Printed Products. Patterson Dental Supply provides a variety of printed products, office filing supplies, and practice management systems to office-based healthcare providers including dental and medical offices. Products include custom printed products, insurance and billing forms, stationery, envelopes and business cards, labels, file folders, appointment books and other stock office supply products. Products are sold through two channels:
| | The Companys dental supply sales force |
| | Catalogs distributed to over 100,000 customers several times a year |
Both channels are supported by a staff of telemarketing personnel located in Champaign, Illinois. Orders are received by telephone, through the mail or electronically from the dental distribution order processing system.
Equipment and Software
Dental Equipment. Patterson Dental Supply is the largest supplier of dental equipment in the U.S. and Canada by a factor of more than two times when compared to its next largest competitor. It offers a wide range of dental equipment products including x-ray machines, high-and low-speed handpieces, dental chairs, dental handpiece control units, diagnostic equipment, sterilizers, dental lights and compressors. The Company also distributes newer technology equipment that provides customers with the tools to improve productivity and patient satisfaction. Examples of such innovative and high-productivity products include the CEREC® product family, a chair-side restoration system; air abrasion systems; digital x-rays; and inter-oral cameras.

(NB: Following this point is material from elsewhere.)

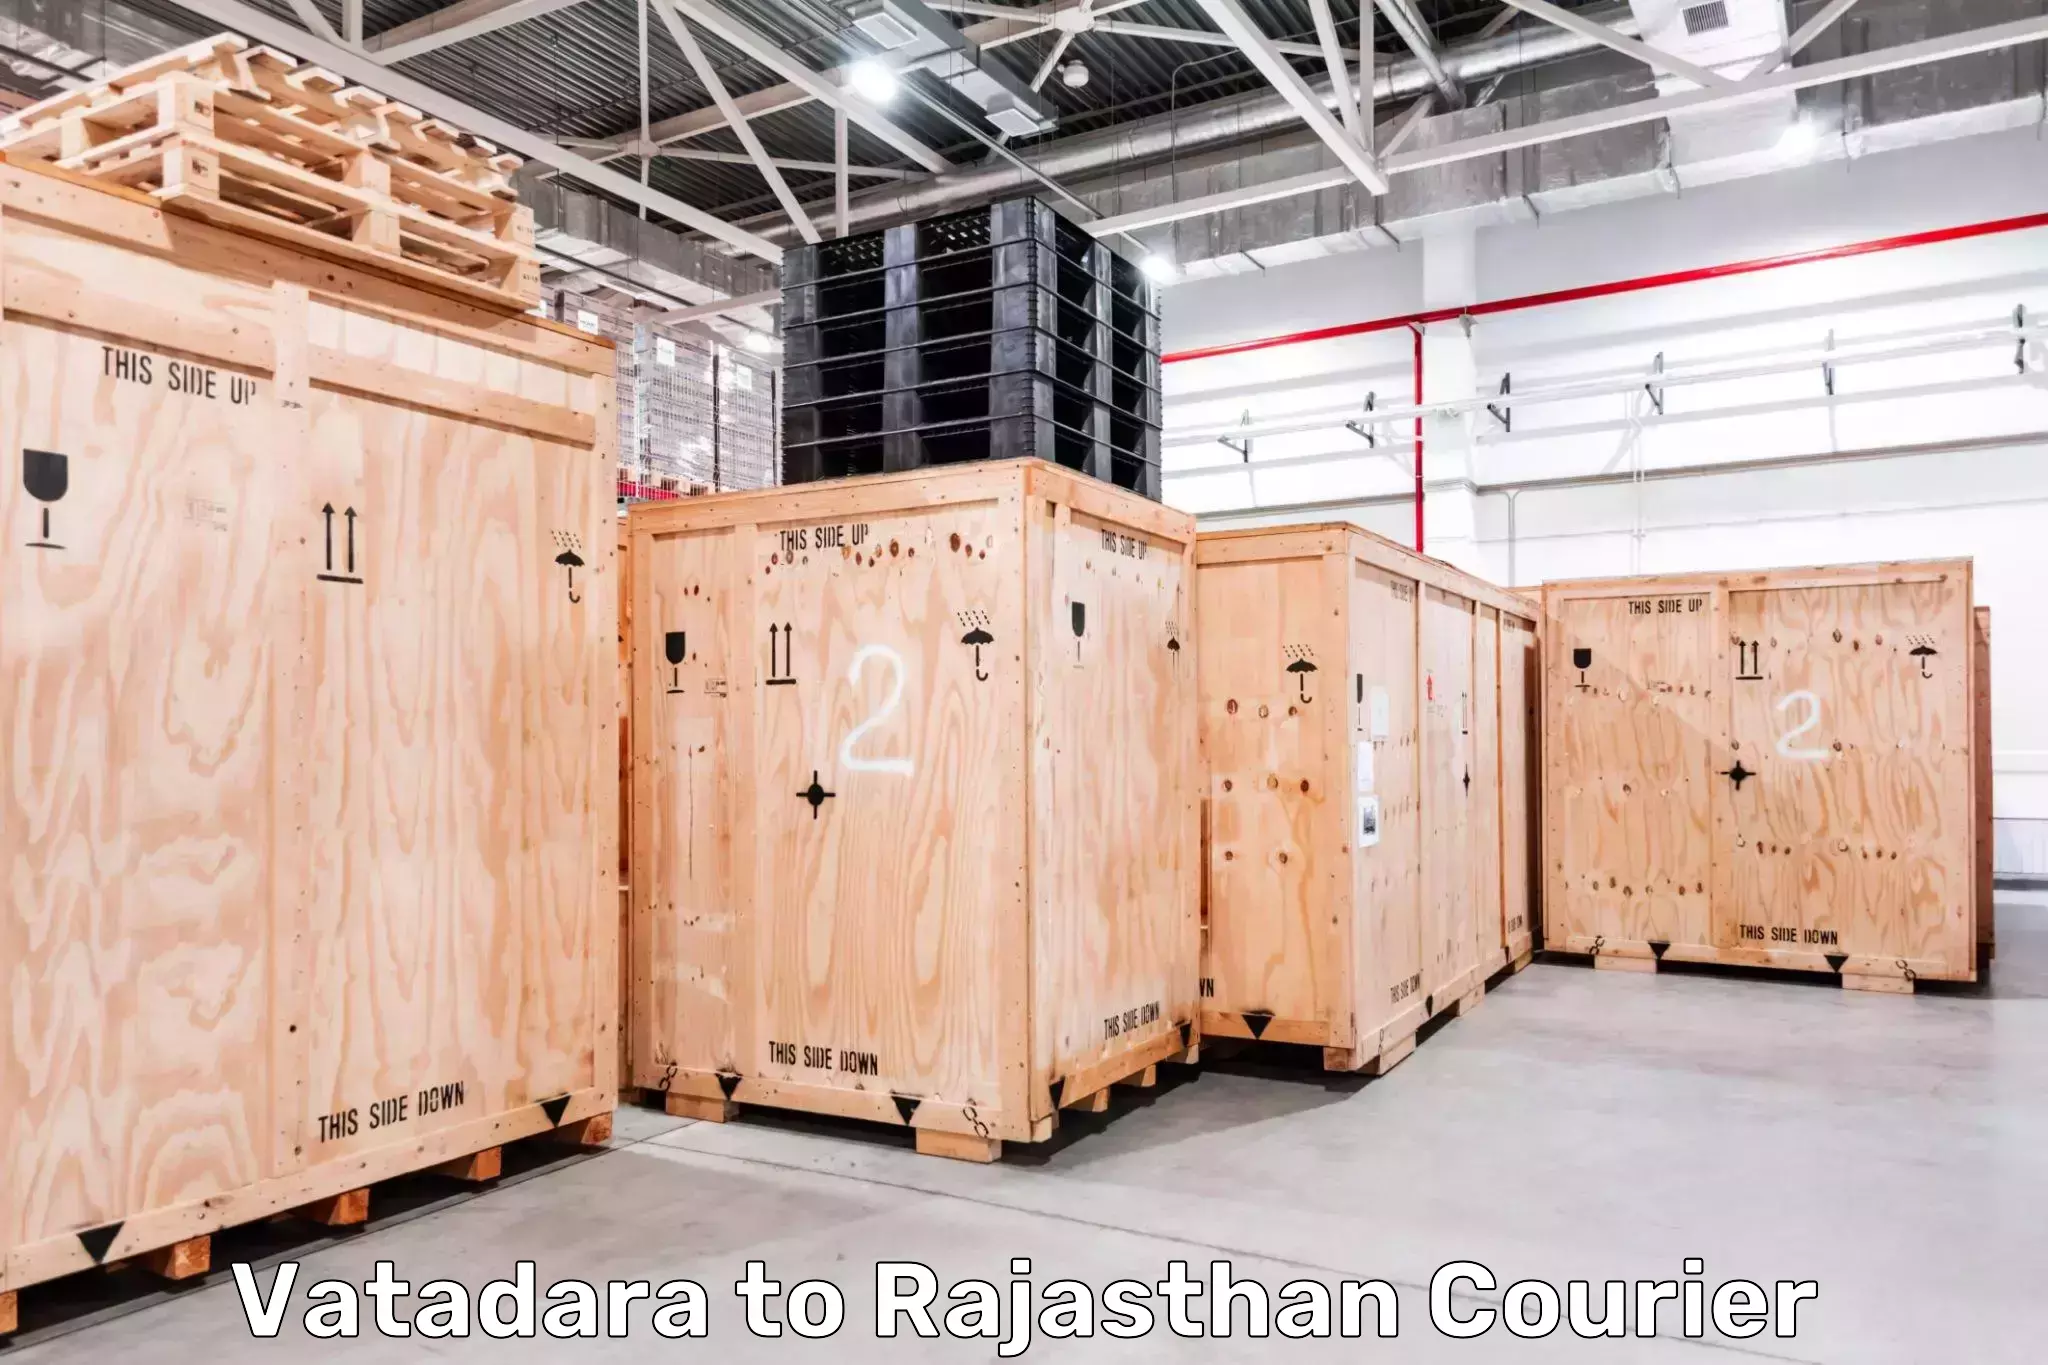 Express delivery network Vatadara to Rajasthan
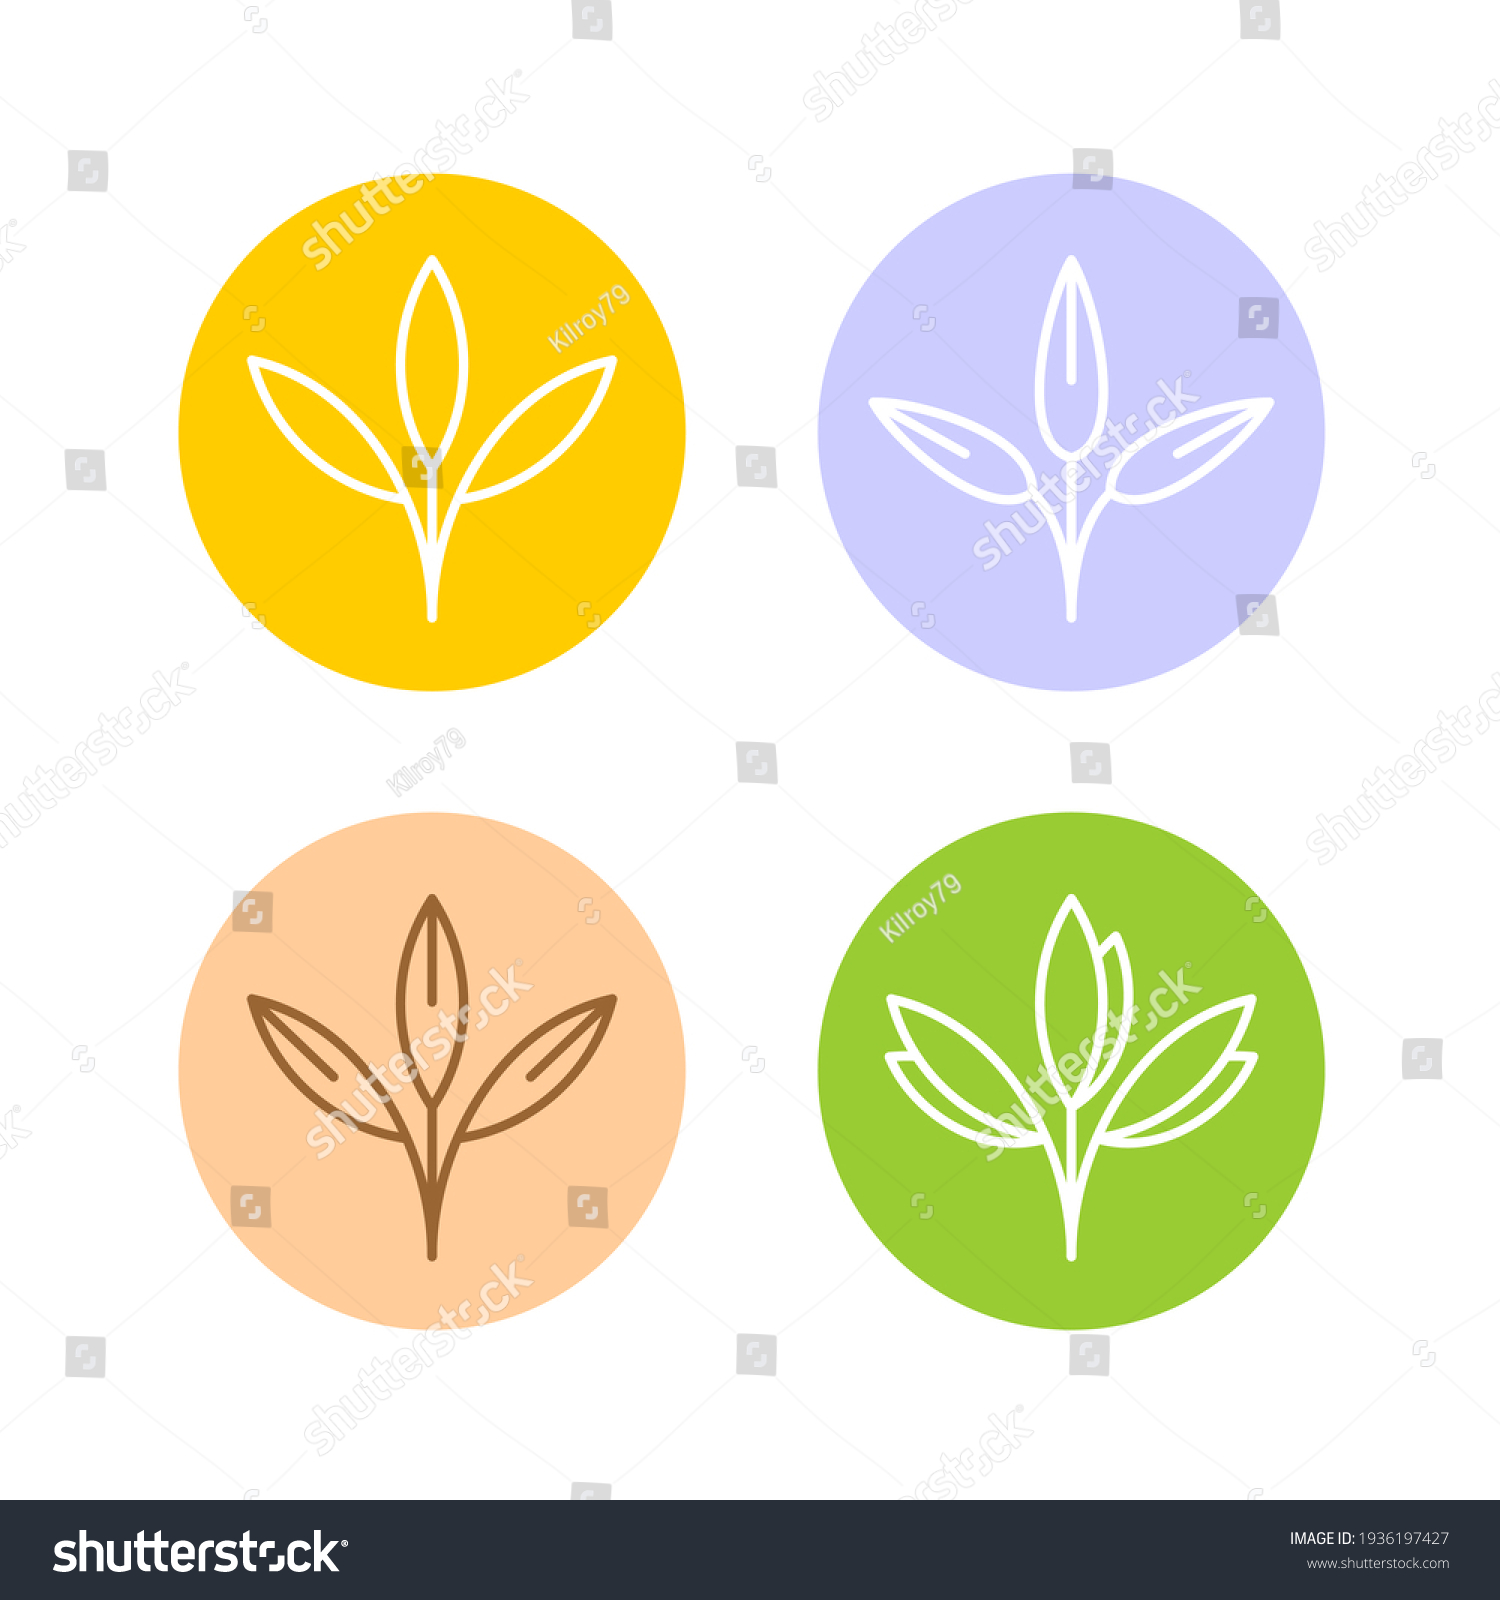 869 Leaves adjustment icon Images, Stock Photos & Vectors | Shutterstock

Software. Patterson develops and markets practice management and clinical software for dental professionals. Products include software for scheduling, billing, charting and storage/retrieval of digital images. The Company also sells software products developed by third parties including Sidexis by Sirona, Dimax2 by Planmeca and VixWin by Gendex. These value-added products are designed to help achieve office productivity improvements, which translates into higher profitability for the customer.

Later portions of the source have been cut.